## EXERCISE REQUIREMENTS
Once you find the line with "French President Emmanuel", transcribe it and all the lines that follow to the end of the data, exactly as written; skip any pictures.

## DATA PROVIDED
---

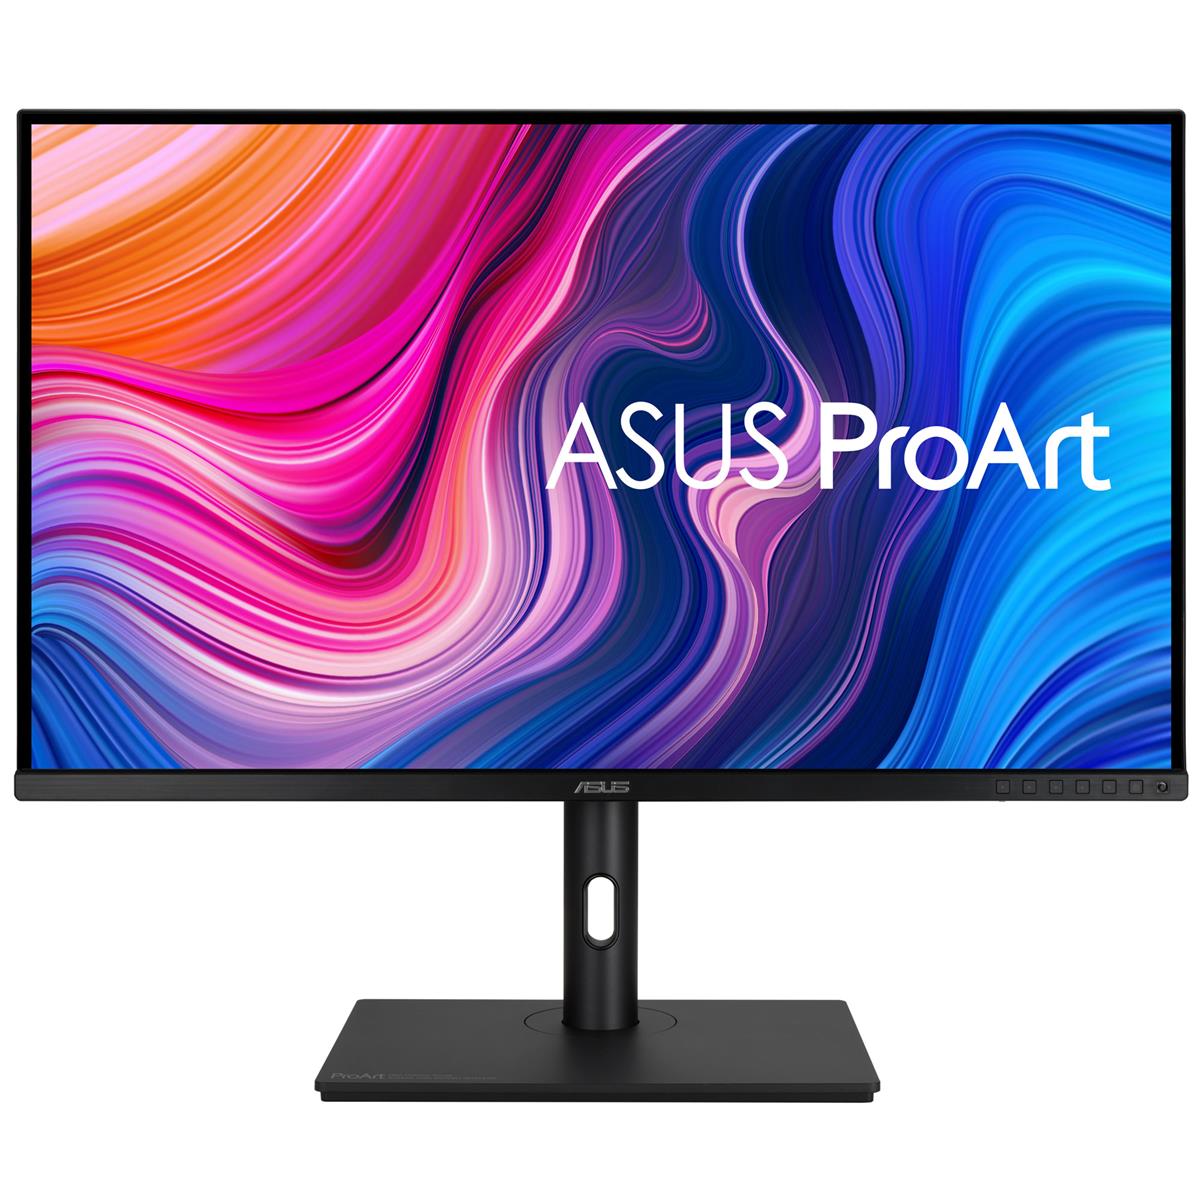 Asus Proart Pa329cv Inch Widescreen HDr UHD Monitor For Sale
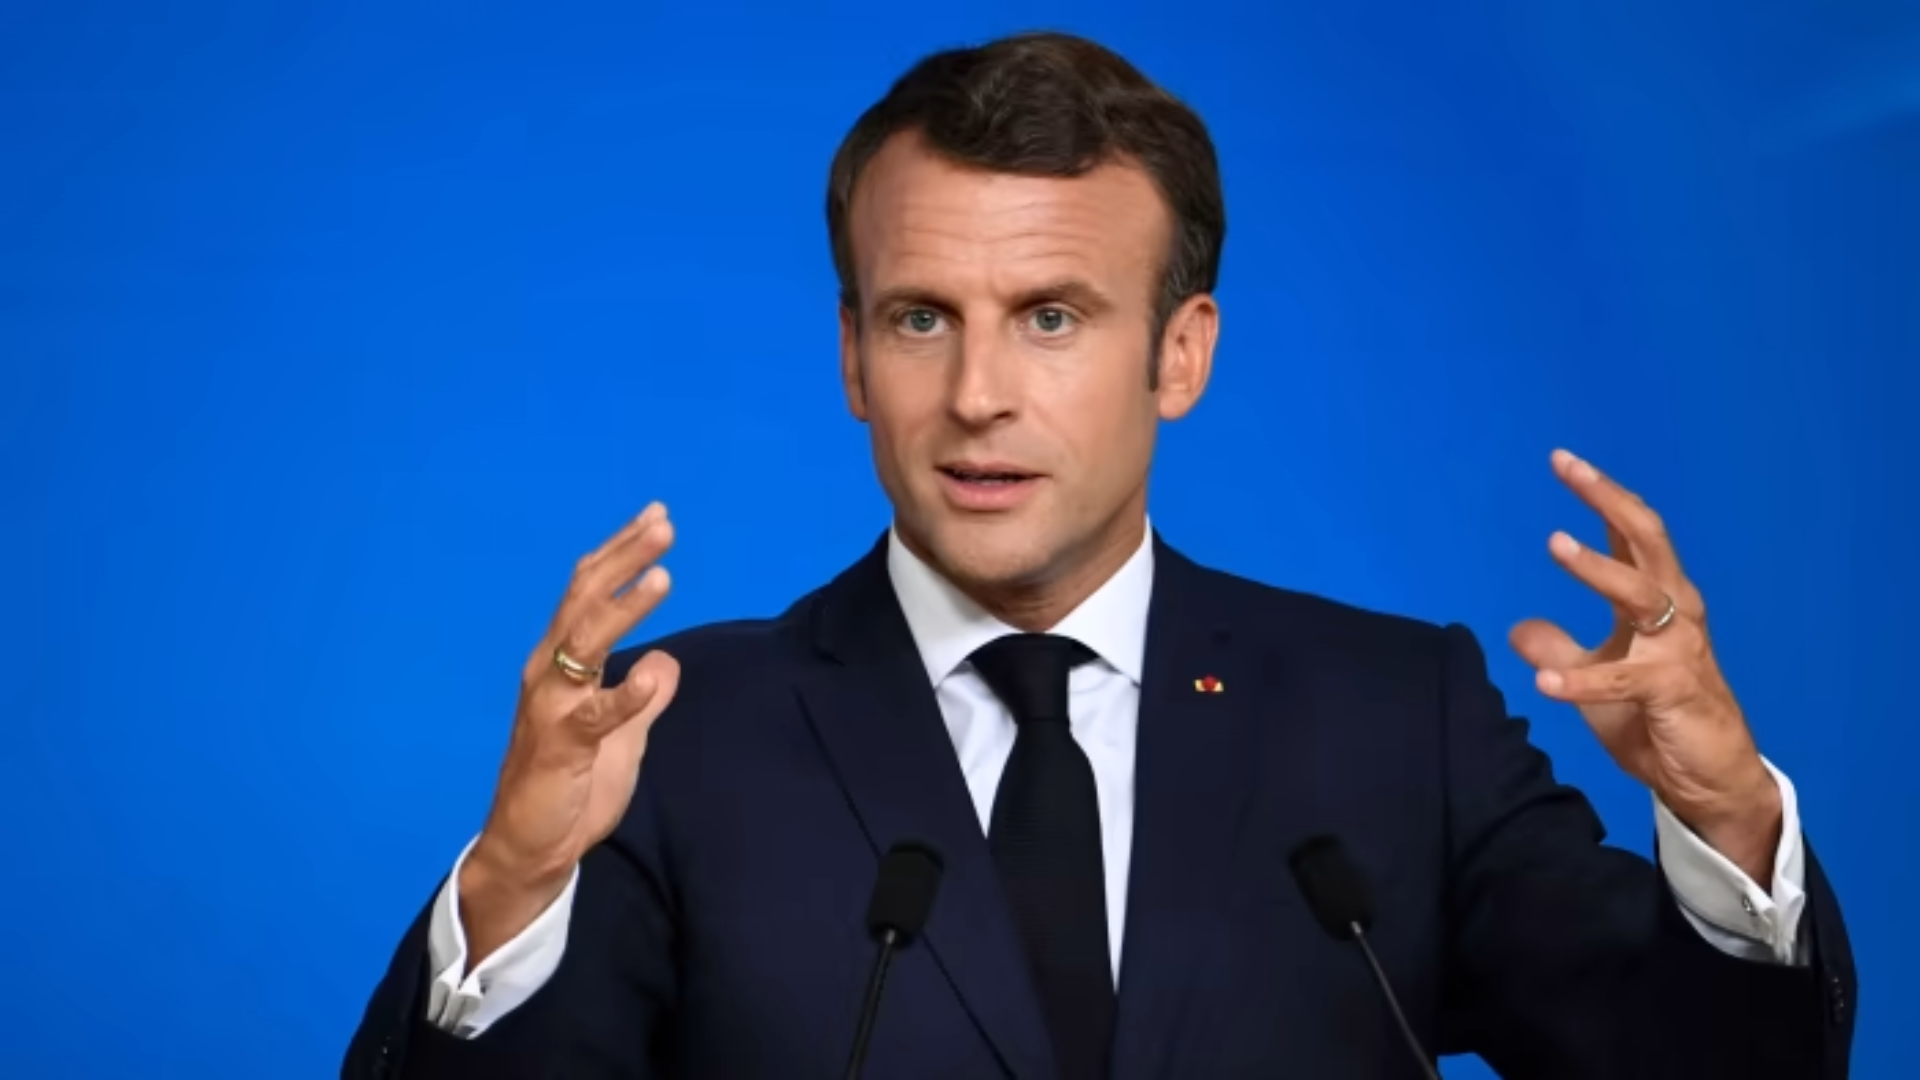 French President Emmanuel Macron Claims Russia Would Target France During Paris Olympics: “I Have No Doubt Whatsoever”
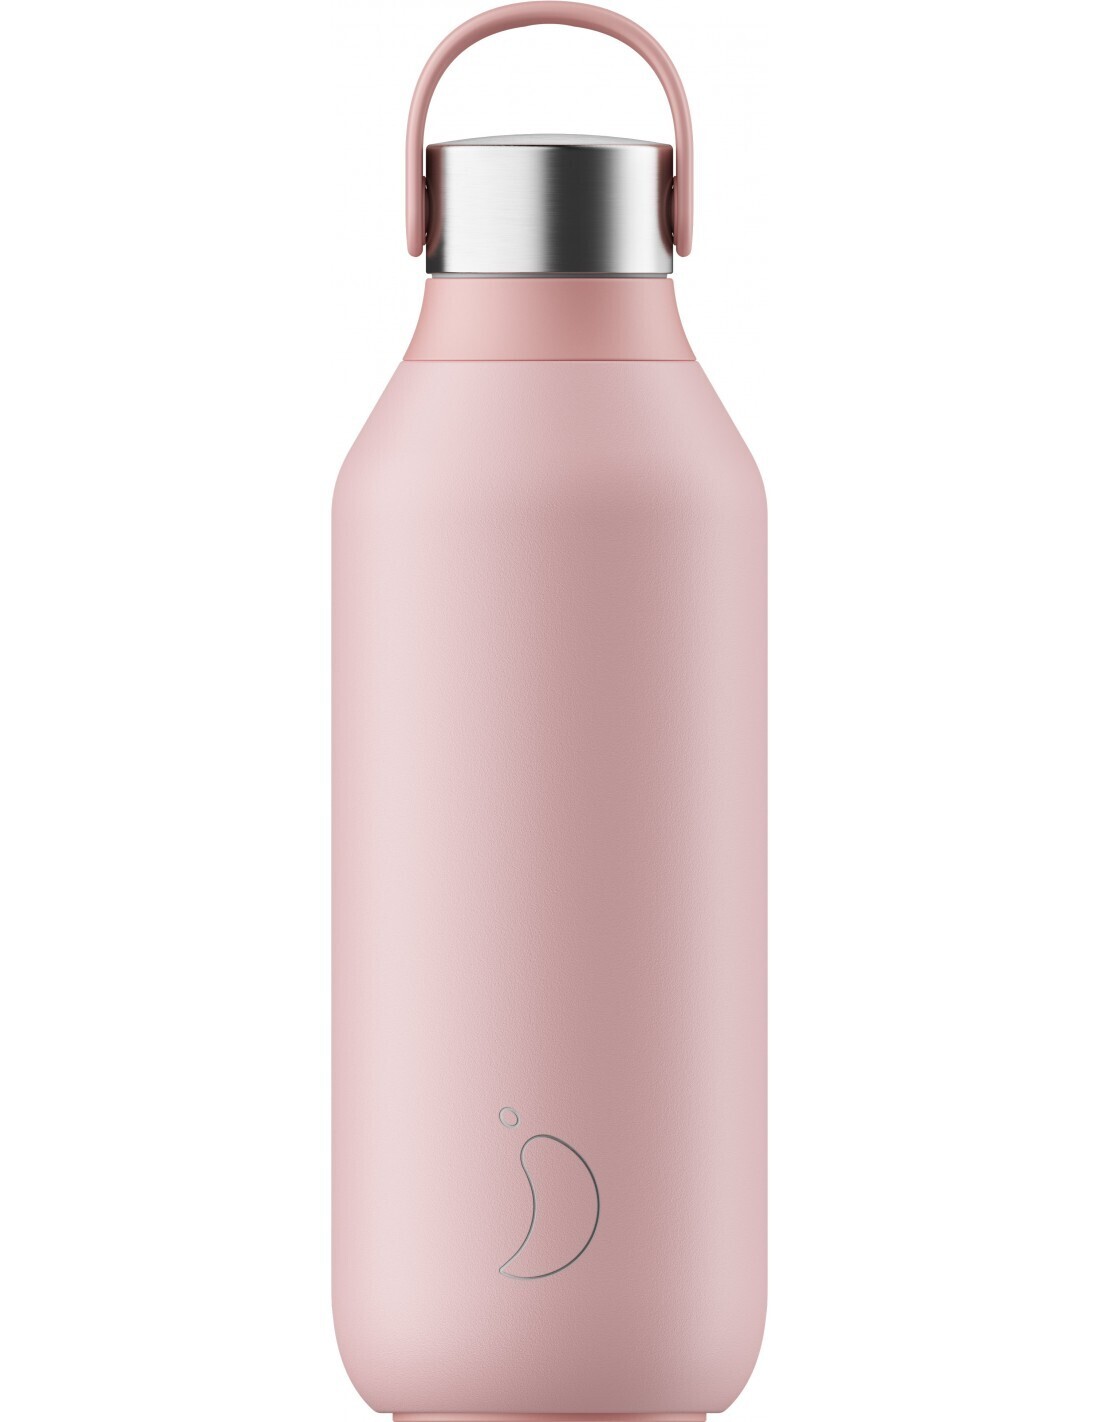 Chilly's Series 2 Bottle Blush Pink 500ml
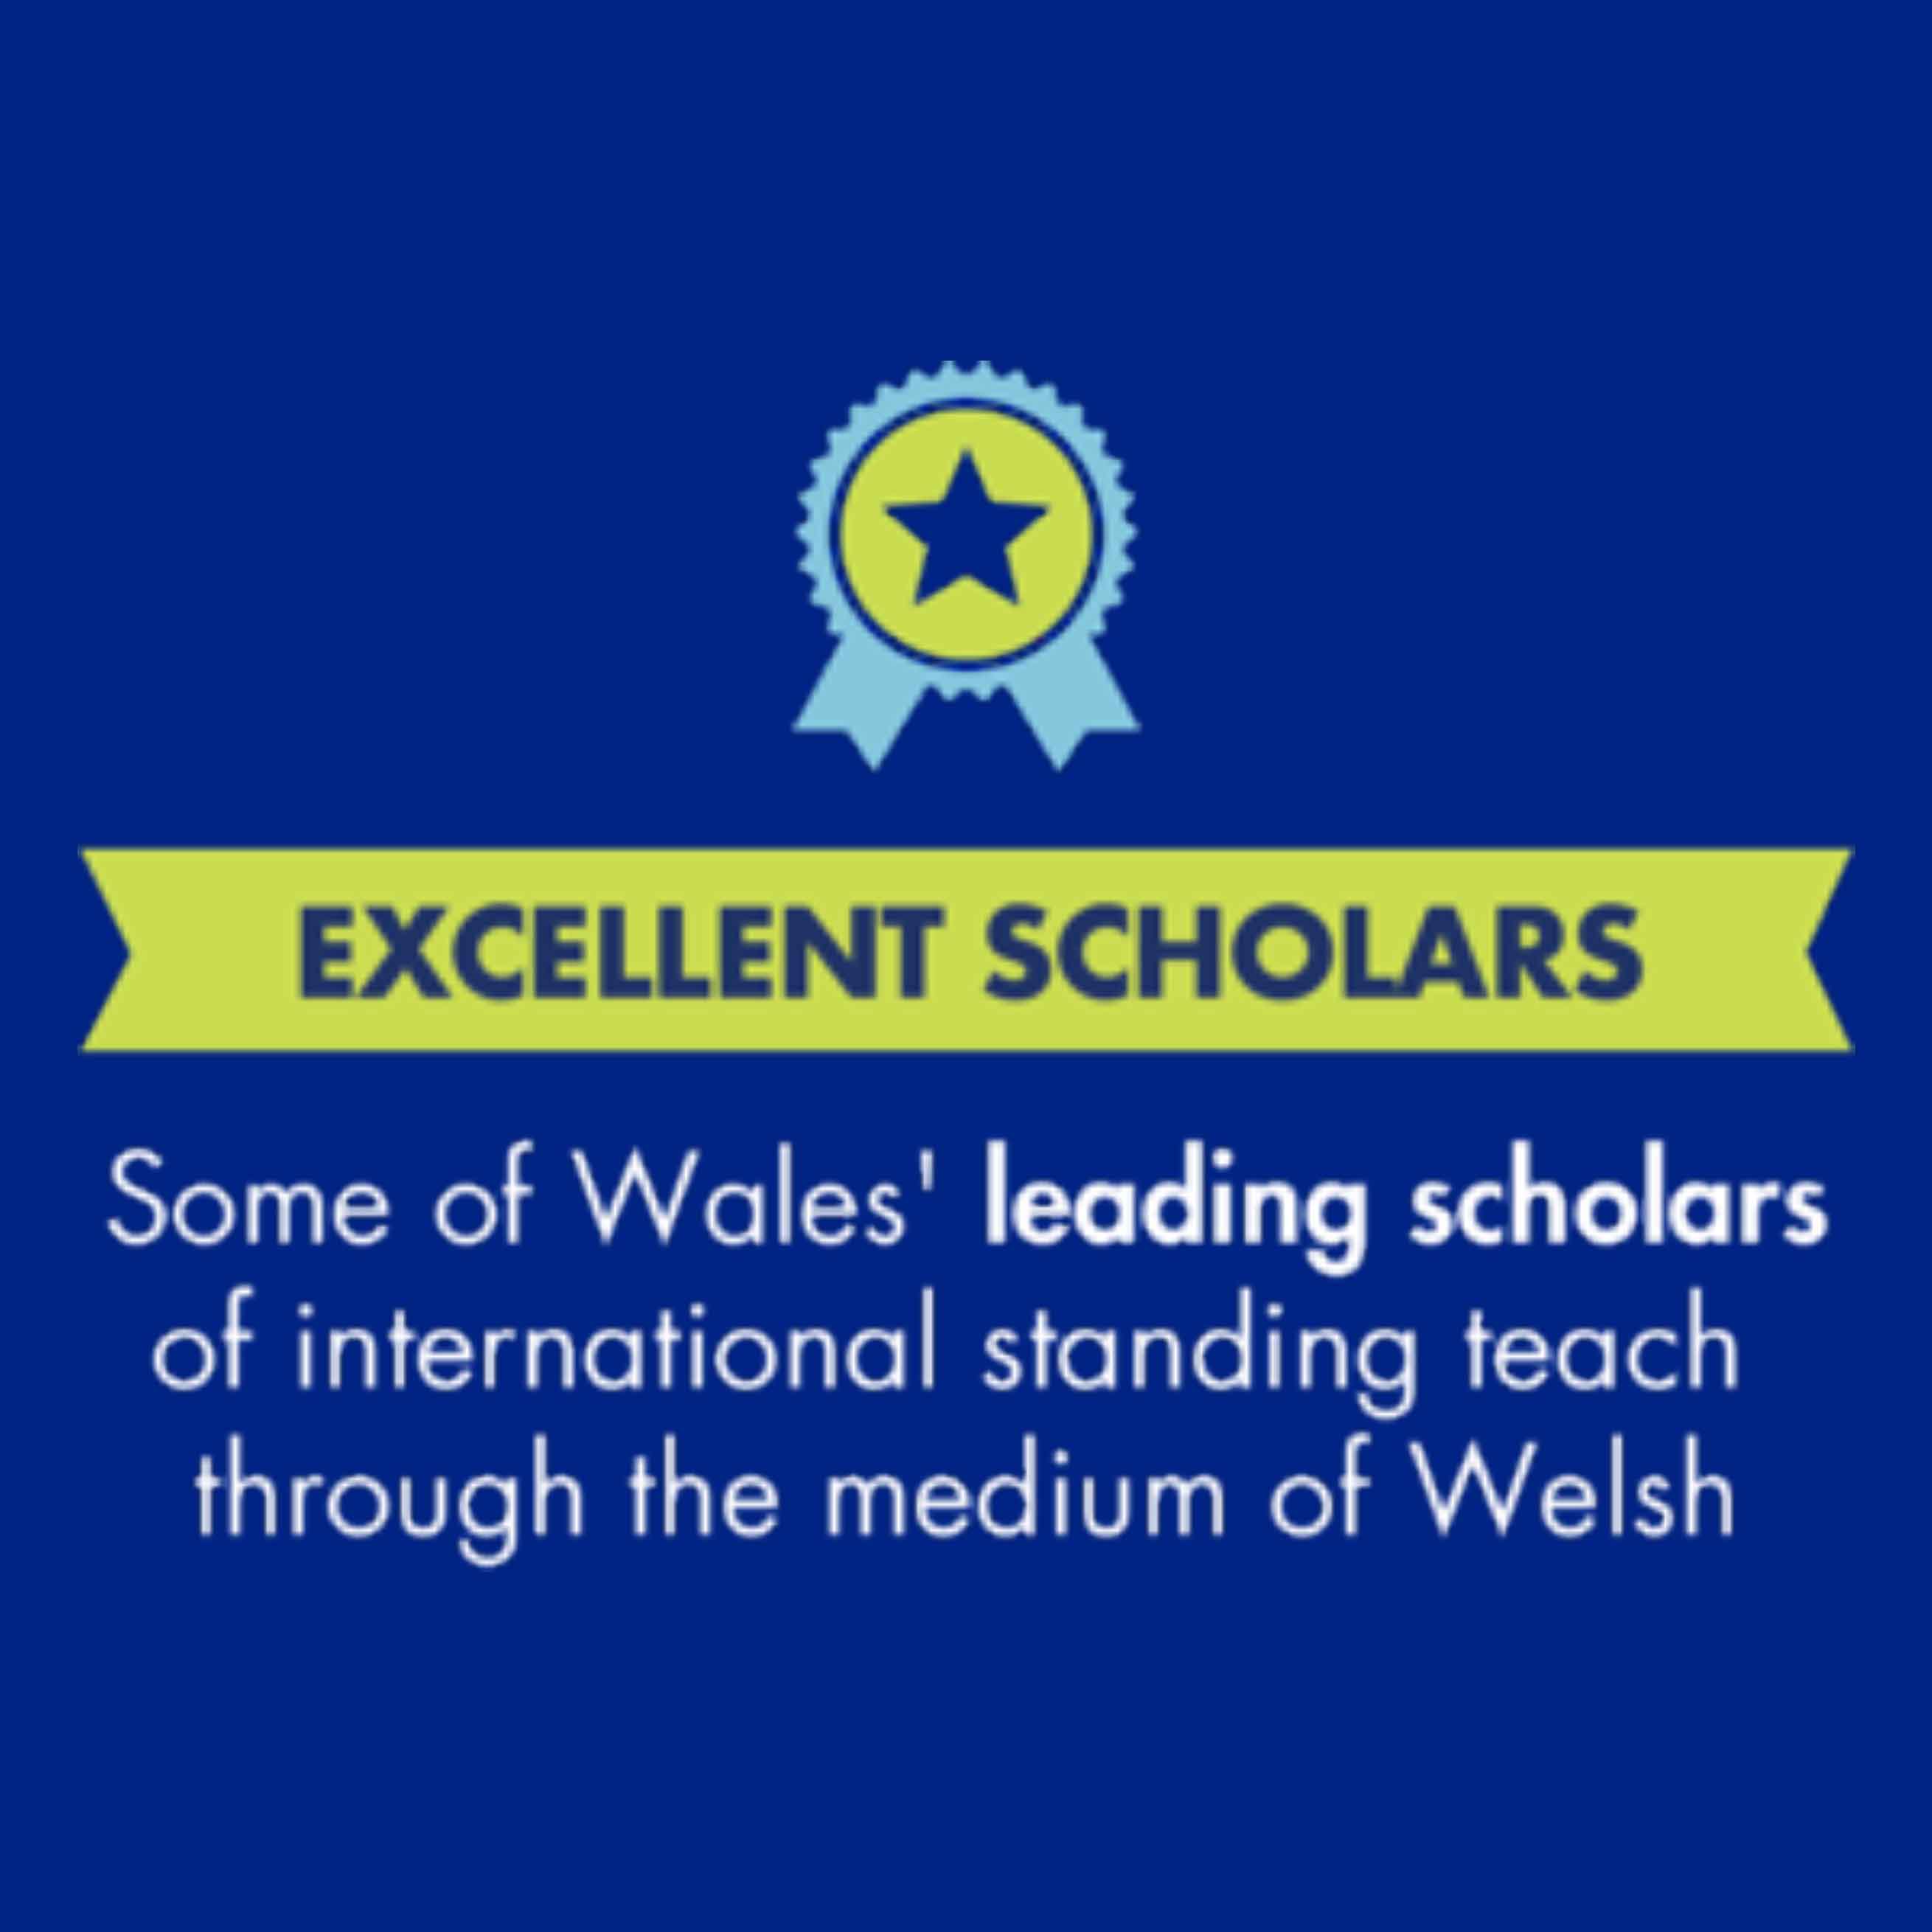 Some of Wales' leading scholars of international standing teach through the medium of Welsh

---

## SOLUTION FOR THIS EXERCISE
 French President Emmanuel Macron Claims Russia Would Target France During Paris Olympics: “I Have No Doubt Whatsoever”
 Chilly's Series 2 Bottle Blush Pink 500ml
 Some of Wales' leading scholars of international standing teach through the medium of Welsh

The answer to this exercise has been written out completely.